Nie można uciec od muzyki! – Magazyn Kobiet Spełnionych.

Nie można uciec od muzyki!

Kapitan Nemo

Niewielu jest artystów, którzy są tak konsekwentni w swych działaniach jak Bogdan Gajkowski – wokalista, kompozytor, autor tekstów i producent muzyczny znany szerzej jako Kaptan Nemo!

]]>

Od lat Bogdan Gajkowski umiejętnie łączy liryczne teksty z zupełnie odrębnym gatunkiem muzycznym, który opiera się wszelkim modom. Artysta potrafi zjednać sobie nie tylko sympatię słuchaczy, ale też krytyków i muzyków, z którymi koncertuje i nagrywa nowe płyty, a to nieczęsto się zdarza w show- biznesie… Jego piosenki, choć nie są grane w czołowych polskich rozgłośniach radiowych, budzą wielkie emocje i sprawiają, że słuchacze, bez względu na metrykę, identyfikują się z ich przesłaniem.

Kim jest Kapitan Nemo? Przede wszystkim – muzykiem, choć jak sam twierdzi, droga wiodąca do realizacji pasji nie zawsze była prosta i oczywista. Choć Bogdan Gajkowski od dziecka uczył się muzyki (już w szkole podstawowej grał na gitarze), po maturze zdecydował się zdawać na anglistykę. Ten wydział zapewniał dostęp do najważniejszych anglojęzycznych dzieł literatury światowej i przez to studia okazały się dla Artysty najbardziej rozwojowe. Jednak muzyka wciąż zajmowała ważne miejsce w życiu Bogdana Gajkowskiego:

– Grałem, prowadziłem kolejne zespoły i cały czas się uczyłem. I była to poważna nauka. Dwa lub trzy lata uczyłem się śpiewu u Wandy Wermińskiej, a potem przez wiele lat byłem uczniem Alicji Barskiej. Zdecydowałem więc, że nie mogę tego wszystkiego zaprzepaścić. Ciągle miałem też w głowie to powiedzenie, że grzechem jest odrzucić swój talent. Postanowiłem tak kierunkować studia, żeby później móc je wykorzystać w pracy na rynku muzycznym. Mogę śmiało powiedzieć, że to się udało. Dzięki dobrej znajomości języka, uzyskałem swobodę czytania literatury muzycznej w języku angielskim, a także porozumiewania się z anglojęzycznymi muzykami czy producentami lub reżyserami, z którymi czasem współpracuję. Studia filologiczne dały mi też łatwość pisania poetyckich tekstów piosenek, zarówno po polsku, jak i po angielsku.
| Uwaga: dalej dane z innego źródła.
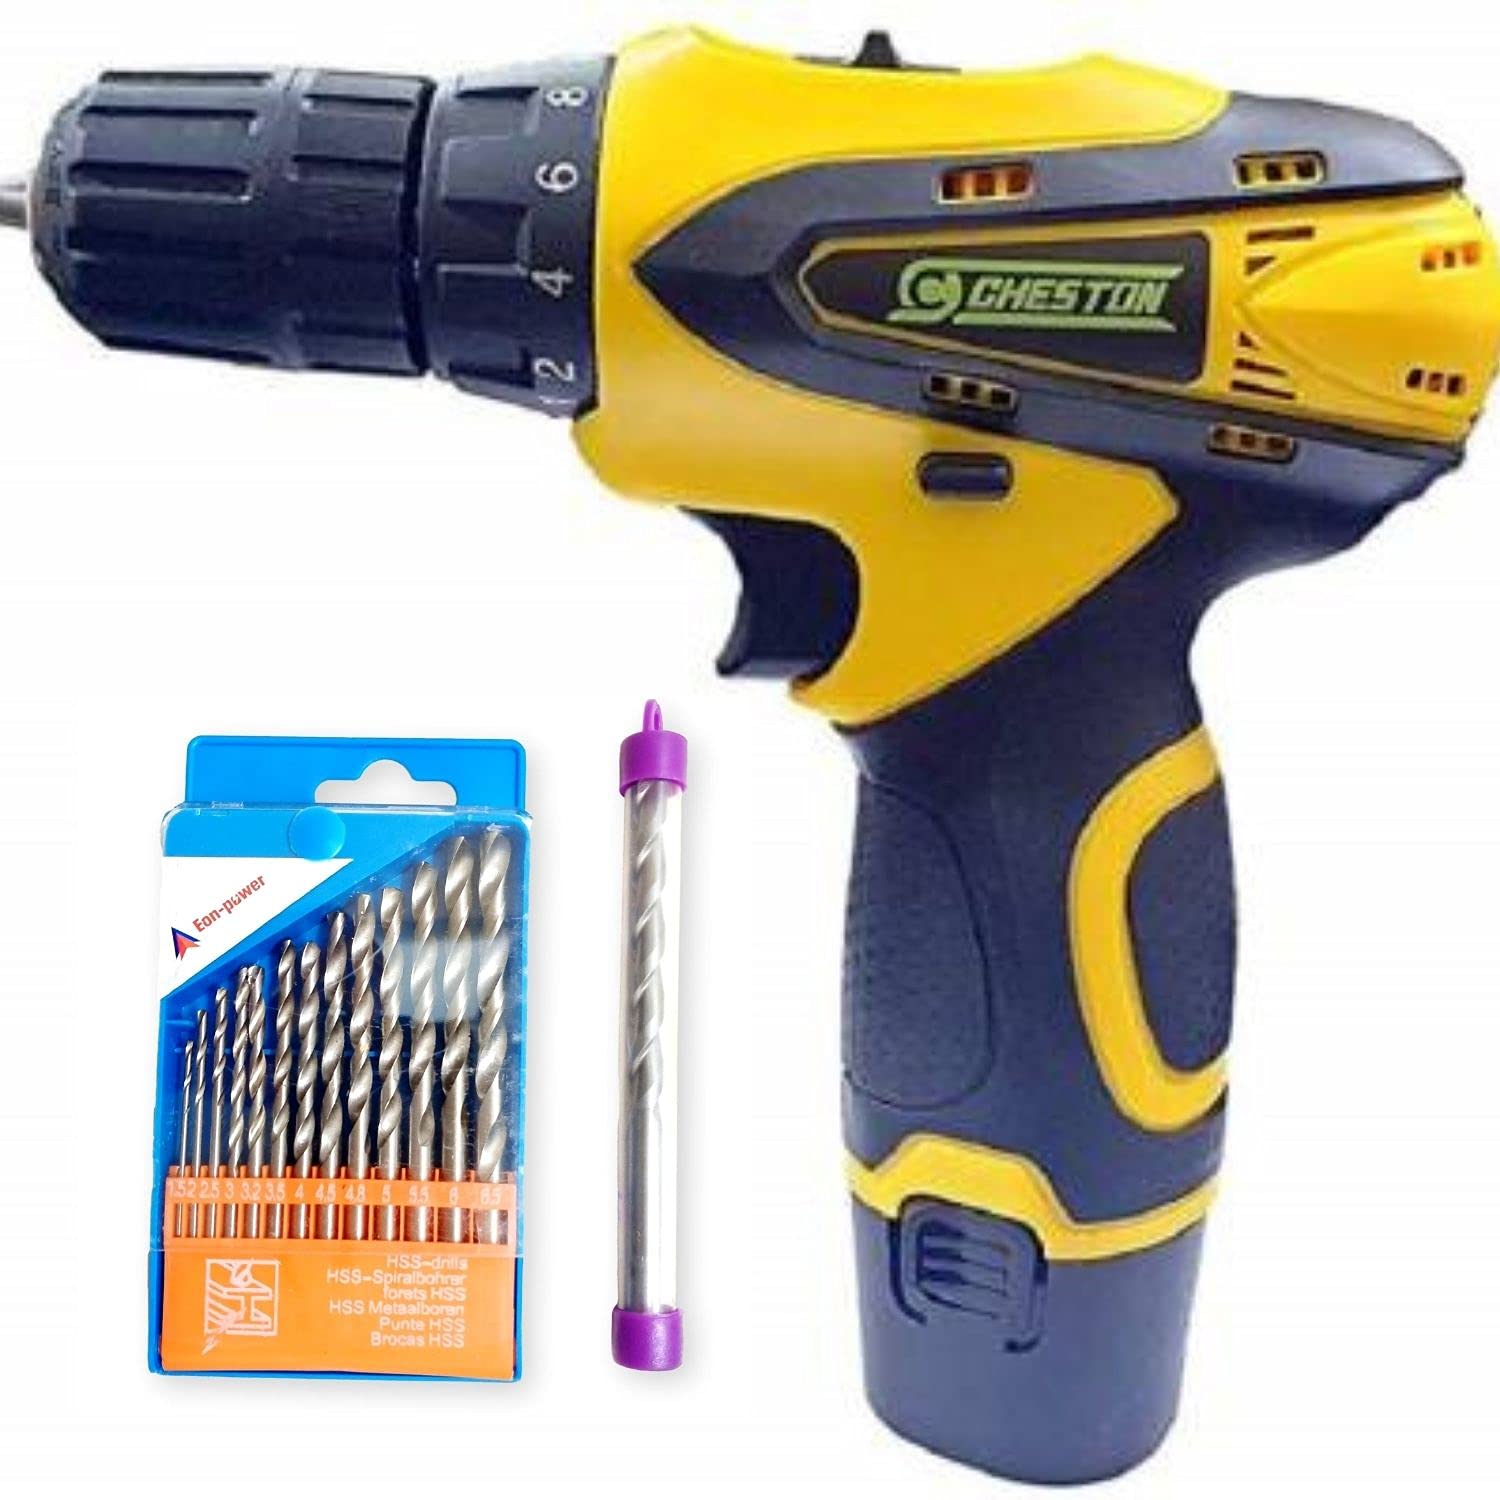 Cheston 10 mm Dual Speed Keyless Chuck 12V Cordless Drill/Screwdriver with, LED Torch Variable Speed. rpm= 0-350, 1350

Pomimo talentu, który, jak widać, był przez Bogdana Gajkowskiego wciąż szlifowany, wcale niełatwo było podbić polską scenę muzyczną. Co prawda młody artysta wygrywał kolejne konkursy muzyczne, jednak nawet te sukcesy nie pozwalały Kapitanowi Nemo zaprezentować swoich kompozycji przed szerszą publicznością:

– Robił się coraz większy “szum” wokół mojej osoby. Pewnie w związku z tym, Andrzej Mogielnicki zaproponował mi napisanie kilku piosenek na płytę Izabeli Trojanowskiej “Układy”. W efekcie zająłem się stroną produkcyjną płyty, a moje dwa utwory “Brylanty” i “Nic na prawdę” stały się przebojami. To był dobry moment, żeby wrócić do swoich indywidualnych planów. Trochę było z tym kłopotów w związku z ogólną sytuacją w kraju, o której nie lubię już wspominać, (według zasady “złe rzeczy niech idą w zapomnienie”). W każdym razie na przełomie roku 1983/1984 wyszedł mój pierwszy singiel “Elektroniczna cywilizacja”, na którym występowałem już jako Kapitan Nemo.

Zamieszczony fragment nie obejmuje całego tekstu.